Opinion
2012-04-26
Sullivan Papain Block McGrath & Cannavo, P.C., New York (Stephen C. Glasser of counsel), for appellants. James M. Begley, New York (Karla Denalli of counsel), for respondent.
Sullivan Papain Block McGrath & Cannavo, P.C., New York (Stephen C. Glasser of counsel), for appellants. James M. Begley, New York (Karla Denalli of counsel), for respondent.
ANDRIAS, J.P., SAXE, CATTERSON, RENWICK, ROMÁN, JJ.
Judgment, Supreme Court, New York County (Jane S. Solomon, J.), entered January 21, 2011, after a jury trial, upon a verdict in favor of defendant, unanimously affirmed, without costs.

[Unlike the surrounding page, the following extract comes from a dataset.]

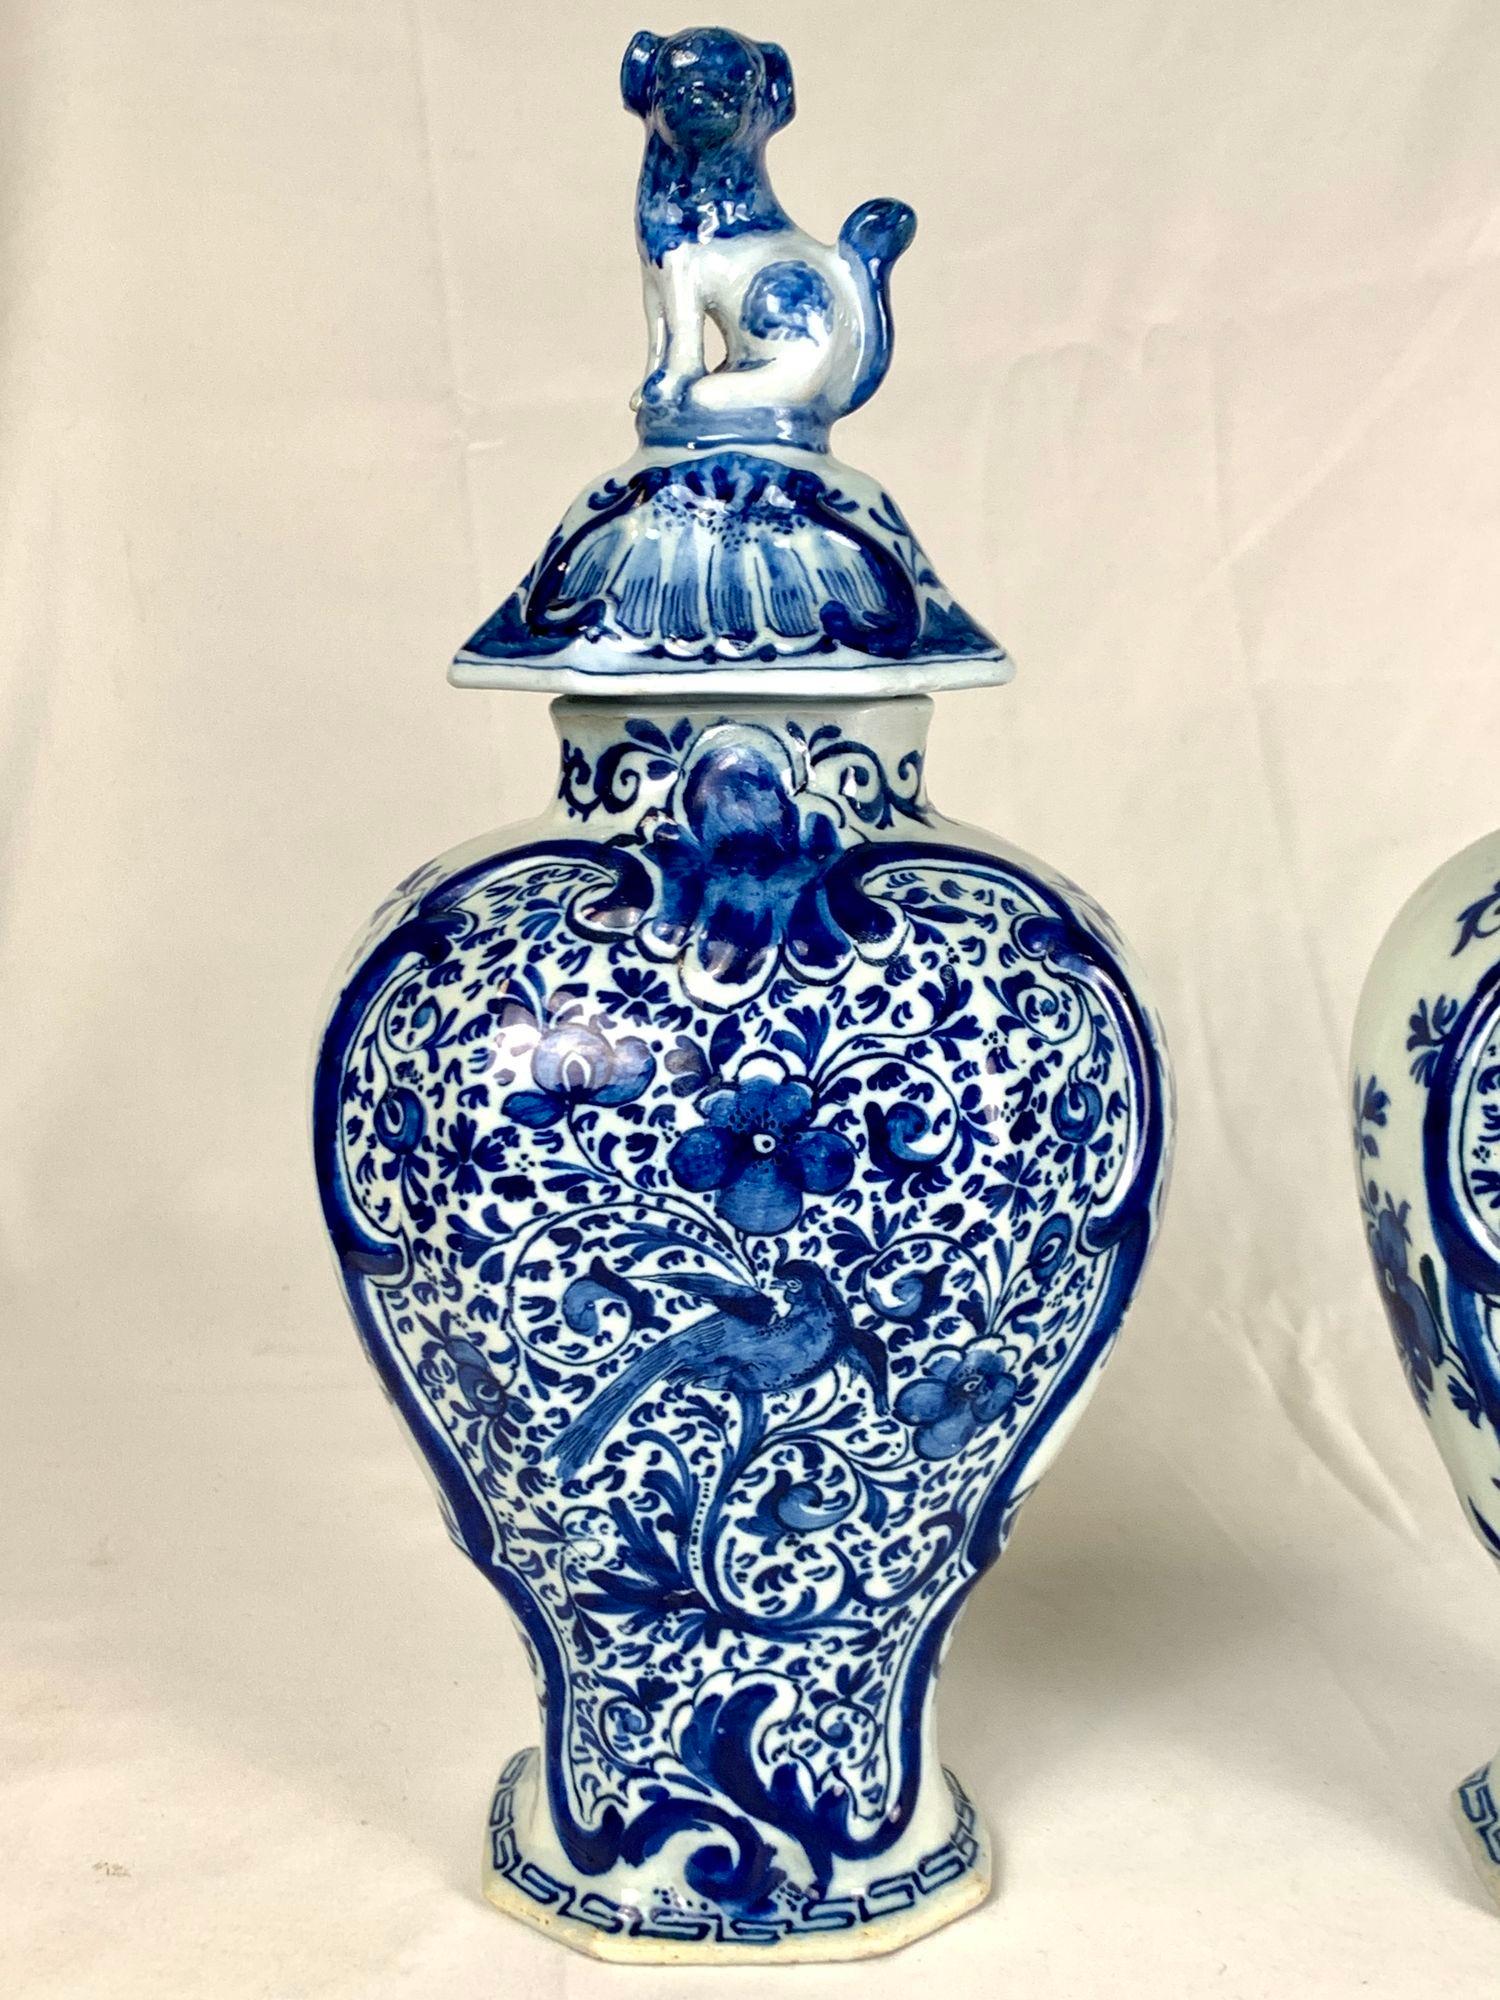 This gorgeous pair of blue and white Dutch Delft mantle jars was hand-painted at

The trial court did not err in declining to charge defendant's former employee as an interested witness in the absence of any evidence that his testimony was biased or that he was personally interested in the outcome of the matter ( cf. Lowenstein v. The Normandy Group, LLC, 51 A.D.3d 517, 859 N.Y.S.2d 29 [2008] [former employee of defendant and participant in accident who had motive to shield himself from blame properly charged as interested witness] ). Any error attributable to the failure to charge the jury that defendant had statutory responsibility for the maintenance of the subject sidewalk is harmless in light of defendant's admitted responsibility for maintaining the sidewalk.
The court did not improvidently exercise its discretion in declining, on the eve of trial, to so order a subpoena that could have been issued by counsel and sought items that could have been obtained during discovery ( see CPLR 2302; Pena v. New York City Tr. Auth., 48 A.D.3d 309, 309–310, 852 N.Y.S.2d 80 [2008] ).